U.S. Secretary of State and Vietnam War veteran John F. Kerry says he lives by the mantra “every day is extra.” On the second day of UT’s Vietnam War Summit, Kerry spent one of his extra days with 1,000-plus veterans and guests at the Lyndon B. Johnson Library.
On the eve of the 41st anniversary of the Battle of Saigon and a month before he is set to accompany President Obama on his first trip to Vietnam, Kerry gave the three-day summit’s keynote speech. The highly decorated Vietnam veteran was joined onstage by documentary filmmaker Ken Burns to discuss the contentious war in which he once served and his plans for the future.
“I know that this conference calls for a serious analysis of what happened,” Kerry said. “It’s also about us and our heart and soul and our gut.”
In 1968, Kerry enlisted in the U.S. Navy and served two tours of duty, receiving a Silver Star, a Bronze Star, and three Purple Hearts. But upon his return, he became outspoken against the Vietnam War, testifying before the Senate Foreign Relations Committee, “How do you ask a man to be the last man to die for a mistake?” From there, he went on to co-found the Vietnam Veterans of America and worked to secure veterans’ benefits, extend the G.I. Bill for Higher Education, and improve treatments for post-traumatic stress disorder.
Recounting his testimony before the Senate in ’71, Kerry said he spoke about the determination of veterans to undertake one last mission. “So that in 30 years, when our brother went down the street without a leg or arm, we’d be able to say ‘Vietnam’ and not mean a bitter memory,” he said, choking up. “But mean instead, the place where America turned and we helped it in the turning.”
Kerry said the process of reconciliation and restoring diplomatic ties has not been about forgetting what happened. “But neither should we become prisoners of history,” he said.
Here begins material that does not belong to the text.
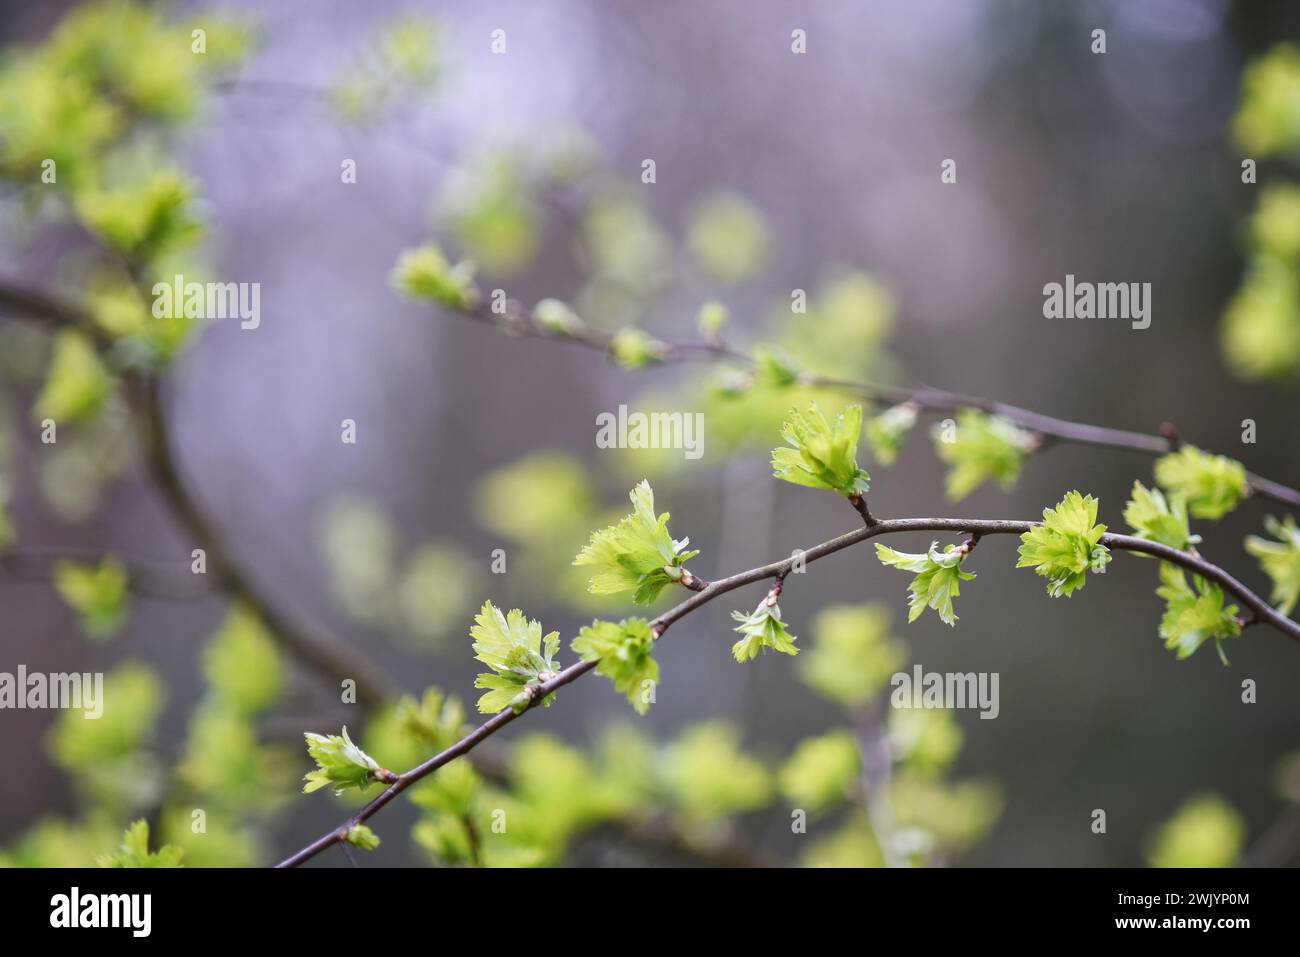 De nouvelles feuilles sur un buisson, photographiées au printemps sur un fond naturel flou, symbole d’une nouvelle vie ou de nouveaux débuts. Banque D'Images

He praised how far the nation’s relations with Vietnam have come since the war, noting an increase in bilateral trade, an increase in the number of Vietnamese students studying in the U.S., and the establishment of Fulbright University Vietnam in Ho Chi Minh City. “It’s clear today that the Vietnam we’re engaged with, no one could have imagined,” he said. “Vietnam, a former adversary, is now a partner with whom we have developed increasingly warm, personal, and national ties.”
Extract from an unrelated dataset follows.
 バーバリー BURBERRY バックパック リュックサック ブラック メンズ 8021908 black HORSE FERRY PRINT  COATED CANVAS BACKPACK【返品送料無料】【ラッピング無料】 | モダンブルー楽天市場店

On lessons learned, Kerry said what people take from the war depends on their perspective. Though there is a litany of lessons that could be named, Kerry said the most important is not to “confuse the war with the warriors”—a common theme of the summit.
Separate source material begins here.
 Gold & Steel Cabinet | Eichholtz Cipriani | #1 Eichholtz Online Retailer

He stressed the importance of ensuring that the flow of information is open and free so that leaders can make informed decisions. “Thirdly, as we define our exceptionalism, which I believe in very deeply, I believe we need to manage more how we talk about it,” he said. “Because other people think they’re exceptional too.”
Despite his protests of the Vietnam War, Kerry made it clear that he is by no means a pacifist. He believes in the military and knows in some cases, putting boots to ground is the only way. But, he said, “the principal obligation of anyone in power is if you are going to ask men and women to put their lives on the line, you better make damn sure you’ve tried everything else possible.”
Though he was reluctant to touch too much on the subject, Kerry said he finds a dangerous separation in having an all-volunteer based army. “I think there should be shared responsibility among all Americans,” he said. “Every American ought to find a way to serve somehow. It doesn’t have to be in the military.”
An emotional Kerry said the Vietnam War had one more lesson to offer.
“We cannot look at other countries and see them only through an American lens,” he said. “We have to try and put ourselves wherever we are into the other person’s shoes and see their country as they see their country.”
Filmmaker Ken Burns, left, and Secretary of State John Kerry speak at the LBJ Library on April 27 (State Department photo).